Western Australian Government Astronomer is a position created by the Government of Western Australia in 1896.

The first Western Australian Government Astronomer was William Ernest Cooke, who was appointed in 1896. The Perth Observatory became the base for the Western Australia Government Astronomer on completion of the new building in October 1897.On arrival in Perth, his first task was to determine the exact latitude and longitude of the colony.  He was also able to determine the time of day with greater accuracy.  Before his arrival clocks could vary by up to half an hour.

The title of 'Government Astronomer' was replaced with the title 'Director' by the WA Government when Mr. M.D. P Candy became the first Director of the Perth Observatory. The title of Government Astronomer was no longer used as being the head of the Perth Observatory.
 
As of 14 March 2013, the Government Astronomer position ceased to exist at the Perth Observatory.

History
The idea of an observatory for Perth was first introduced by  Premier John Forrest in 1891, but failed to obtain financial backing. Funding was finally approved in 1895, along with funds to build the Perth Mint) as well as the Western Australian Museum and Art Gallery.

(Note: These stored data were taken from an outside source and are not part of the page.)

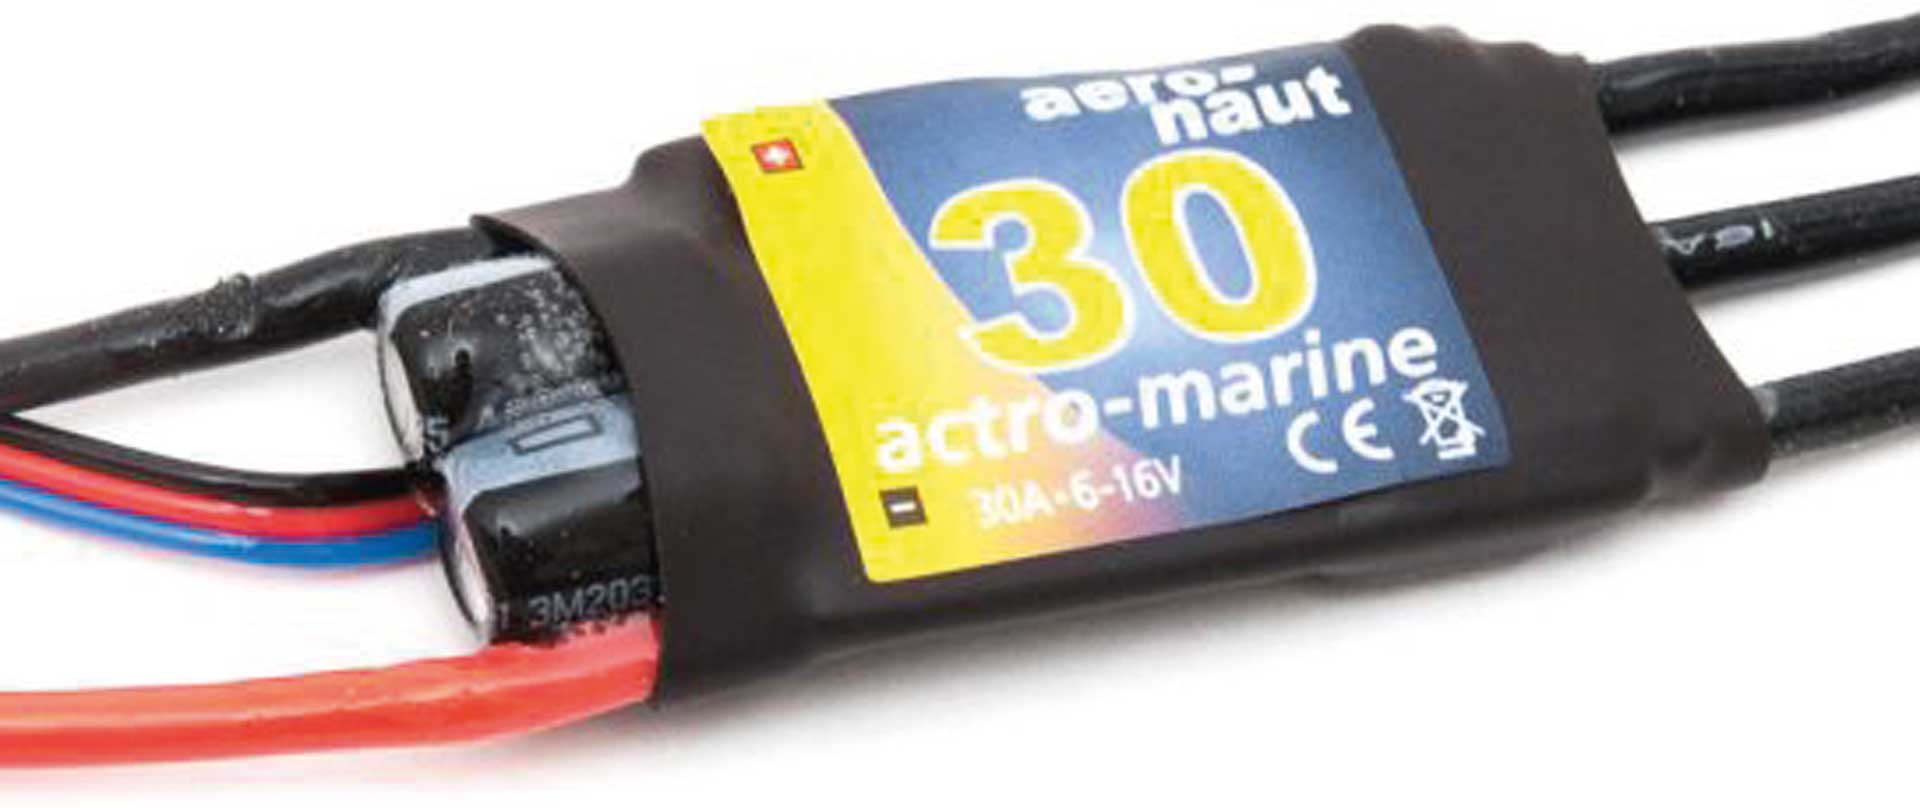 AERONAUT actro-marine 30 regulator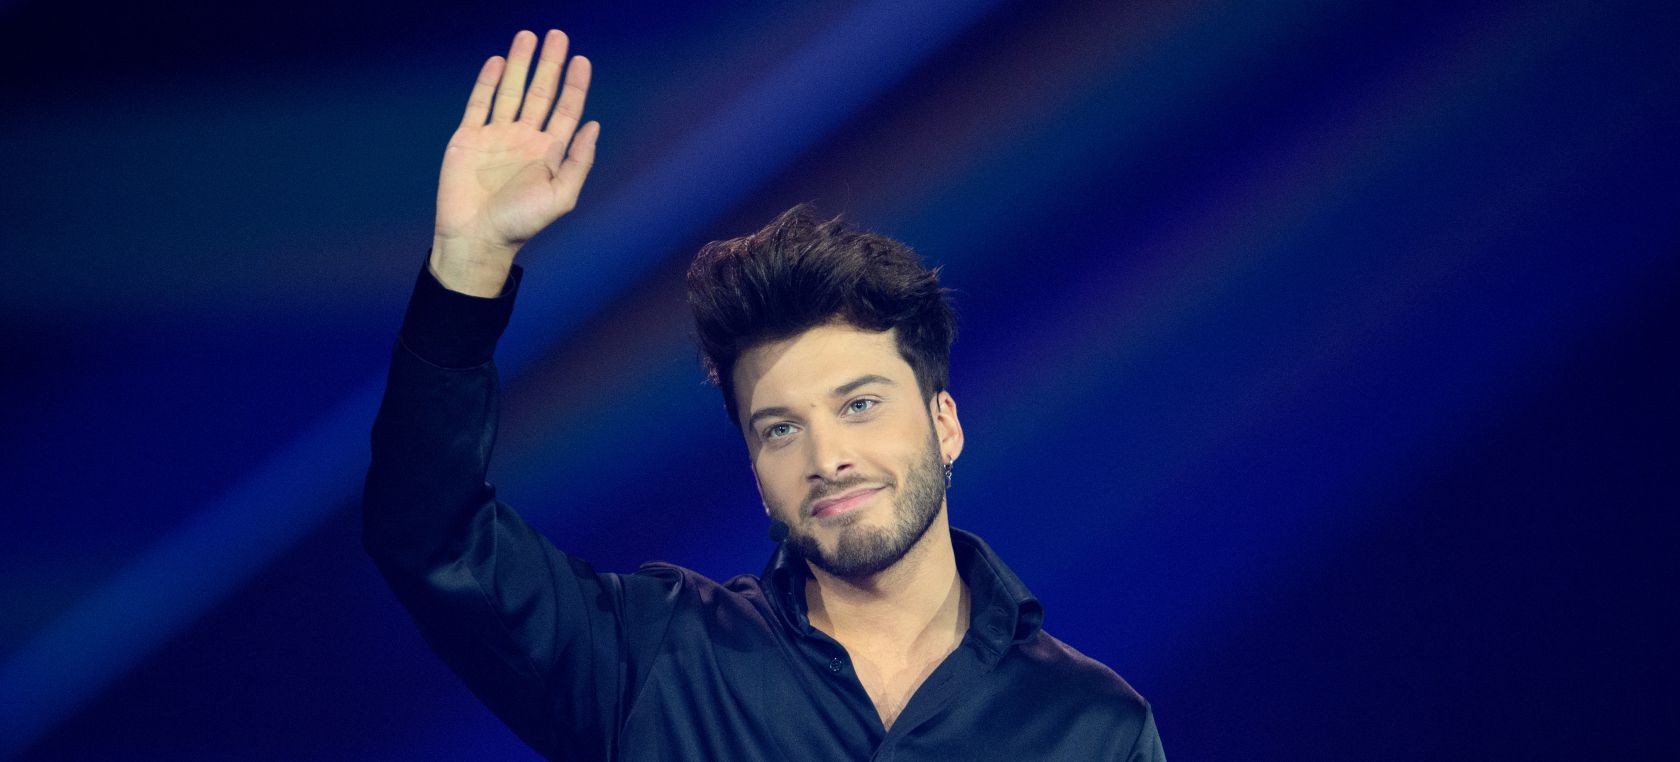 Blas Cantó tiene una sorpresa preparada y la representante de Grecia en Eurovisión comenta: “Oh, excitante”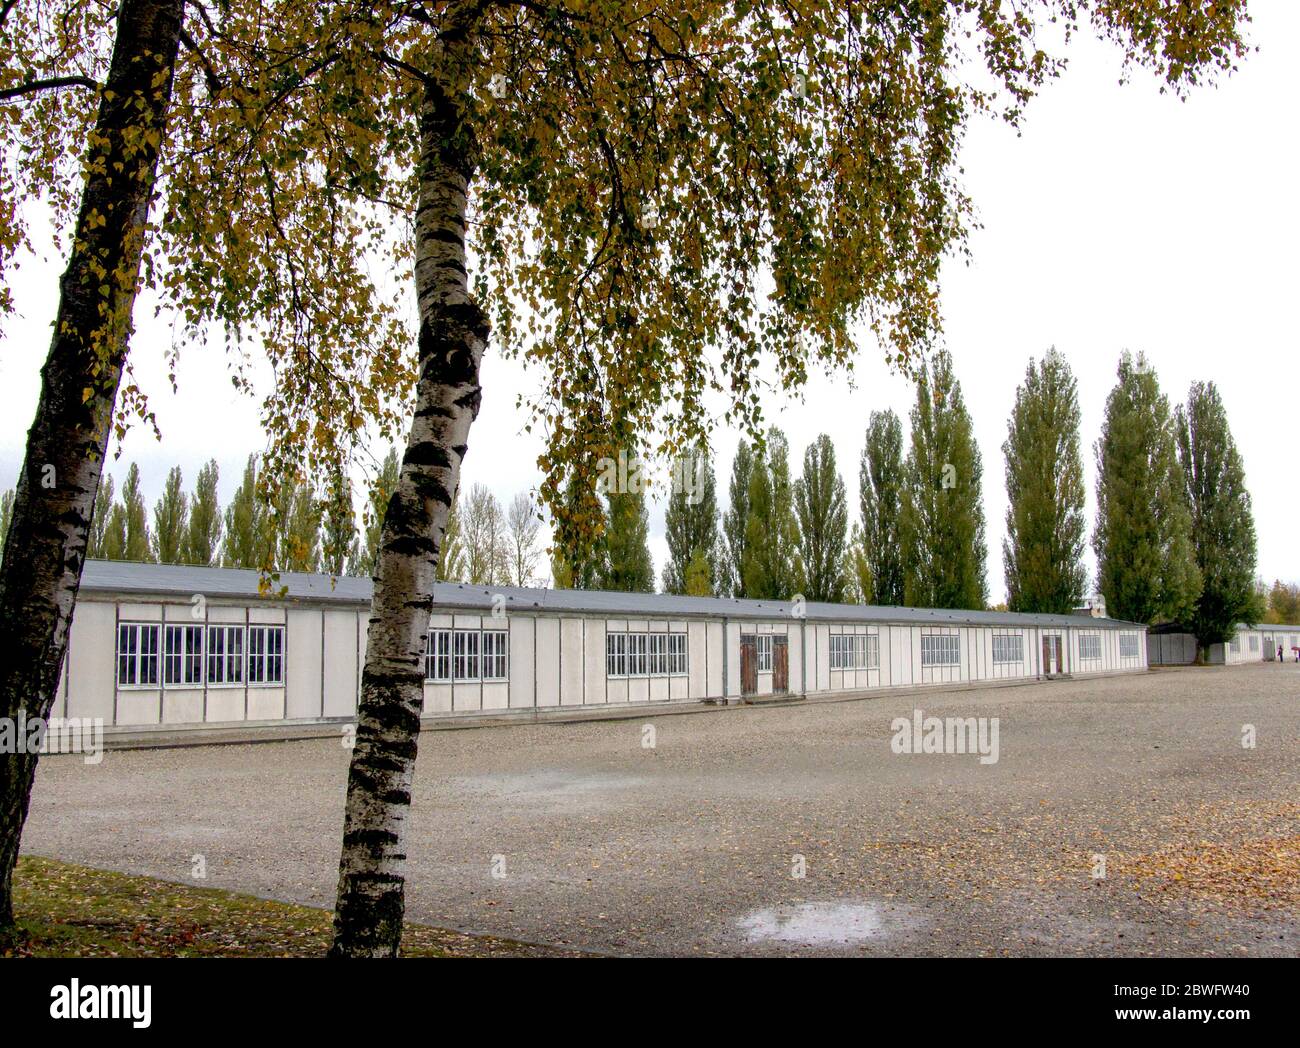 Casernes de prisonniers au camp de concentration de Dachau. C'était le premier camp de concentration nazi et un prototype pour toute autre concentration nazie Banque D'Images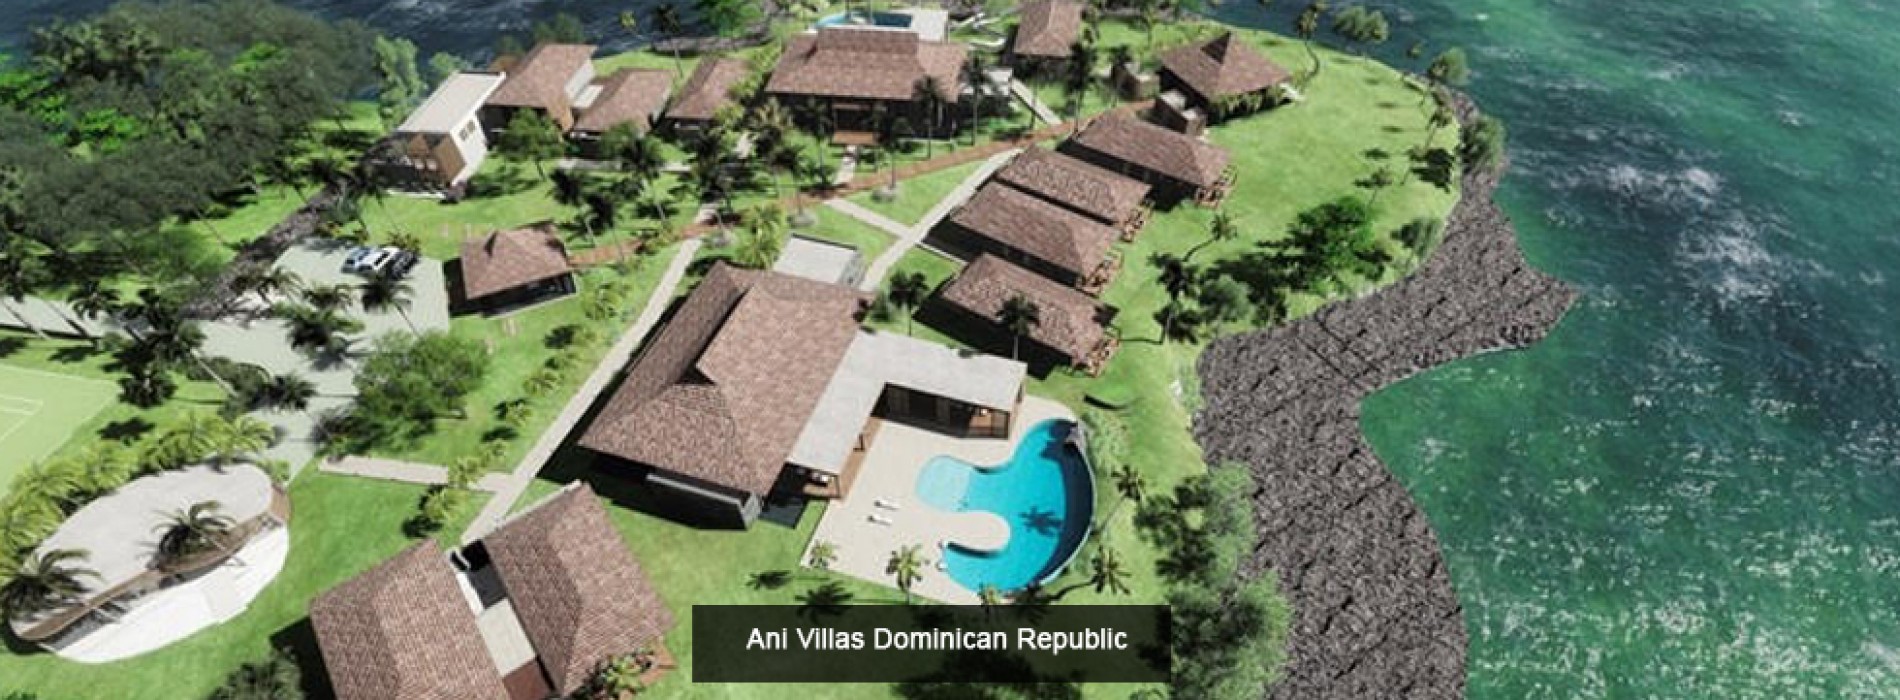 Ani Villas to open Fourth Private Resort in Dominican Republic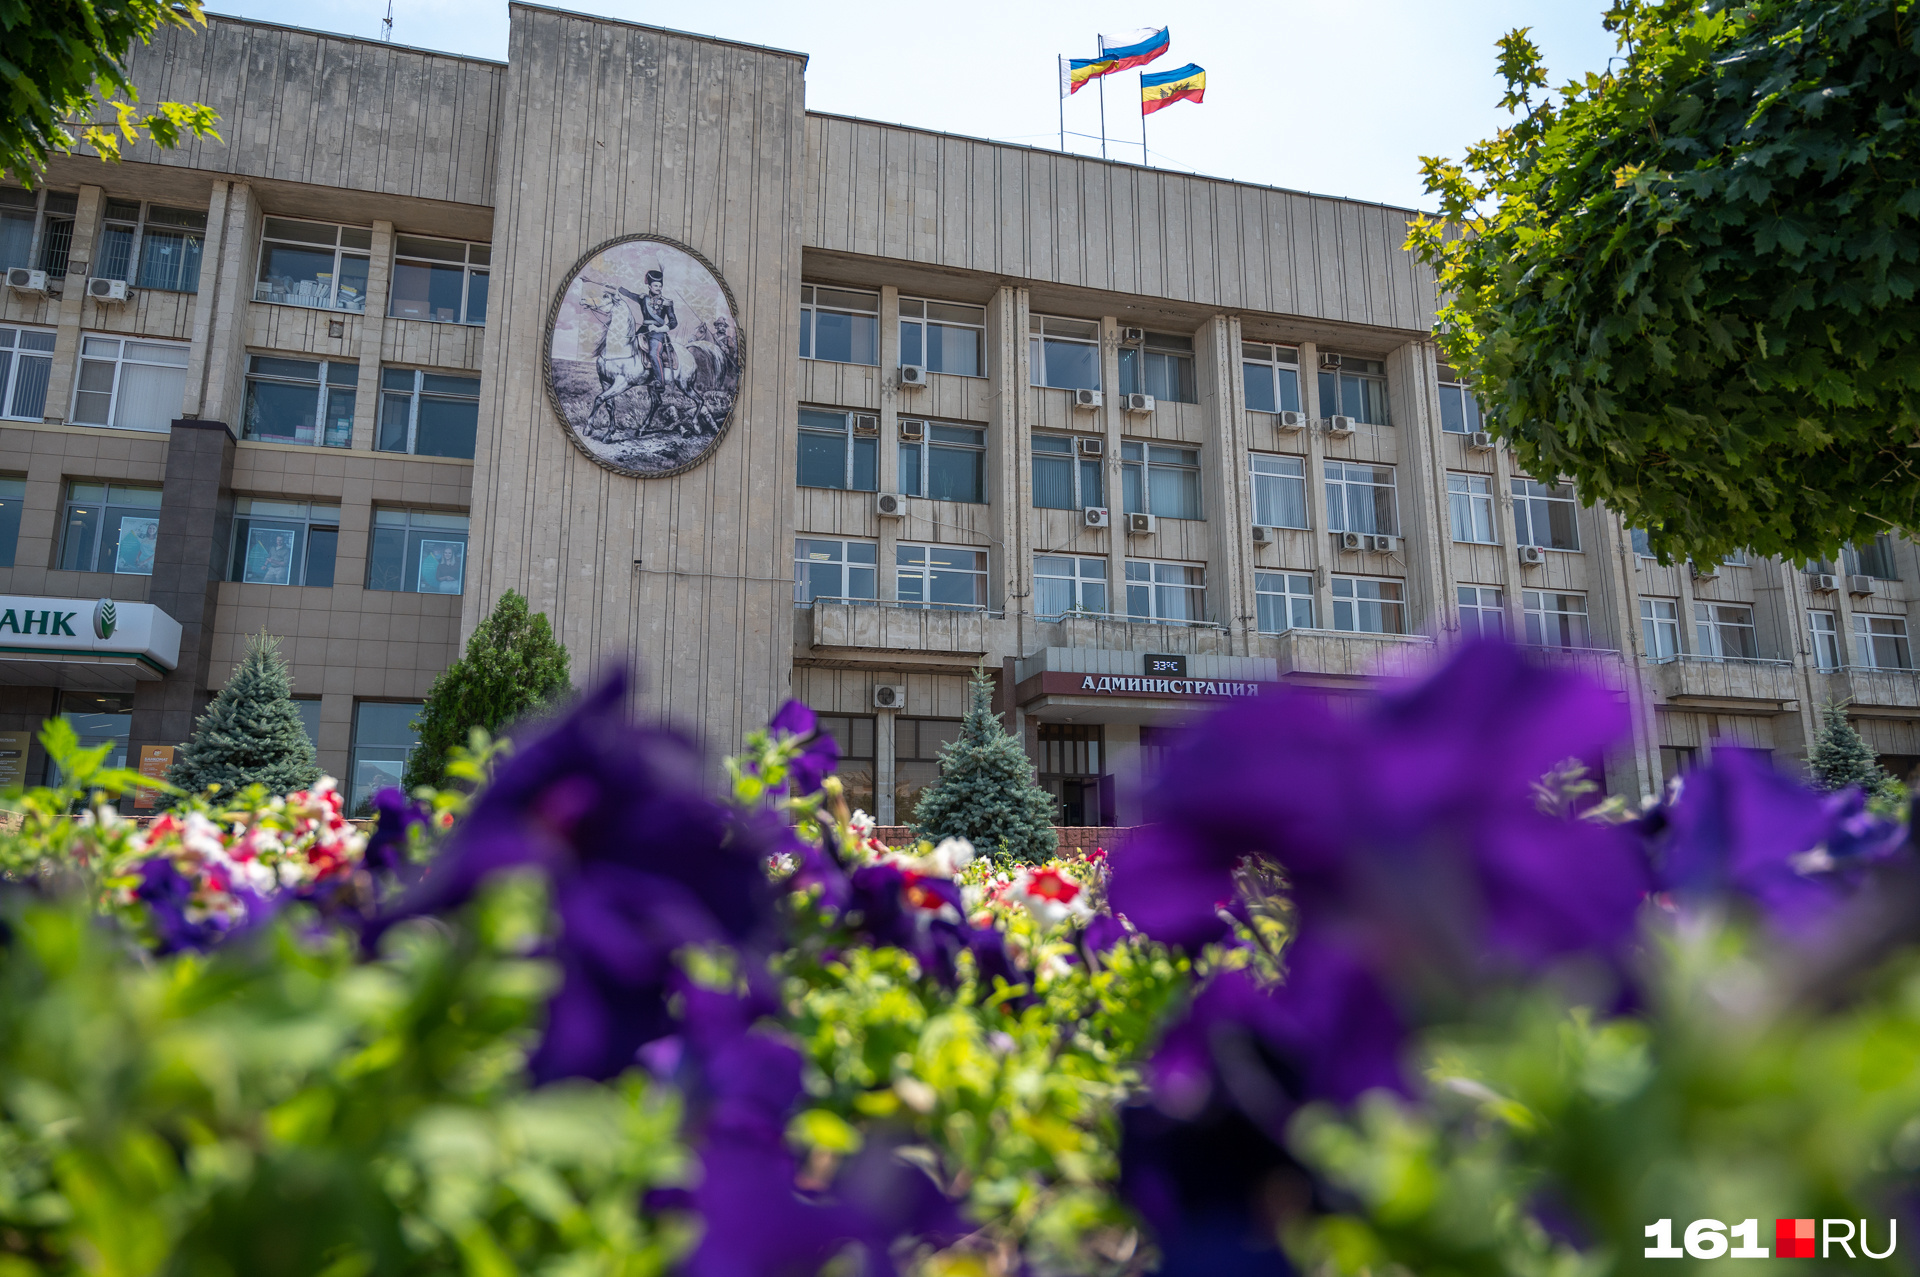 Здание администрации города тоже украшено изображением Матвея Платова

Forrest asked the Government Astronomer of South Australia, Sir Charles Todd for advice on an observatory. Todd sent specifications for instruments and plans for buildings, based on the Adelaide Observatory and recommended his own Assistant Astronomer, Mr. W.E. Coookie, for the position of Government Astronomer and Meteorologist.

Cooke came to Western Australia to take up his post as the first Government Astronomer for the State in February 1896. The Observatory would not be completed until 1897.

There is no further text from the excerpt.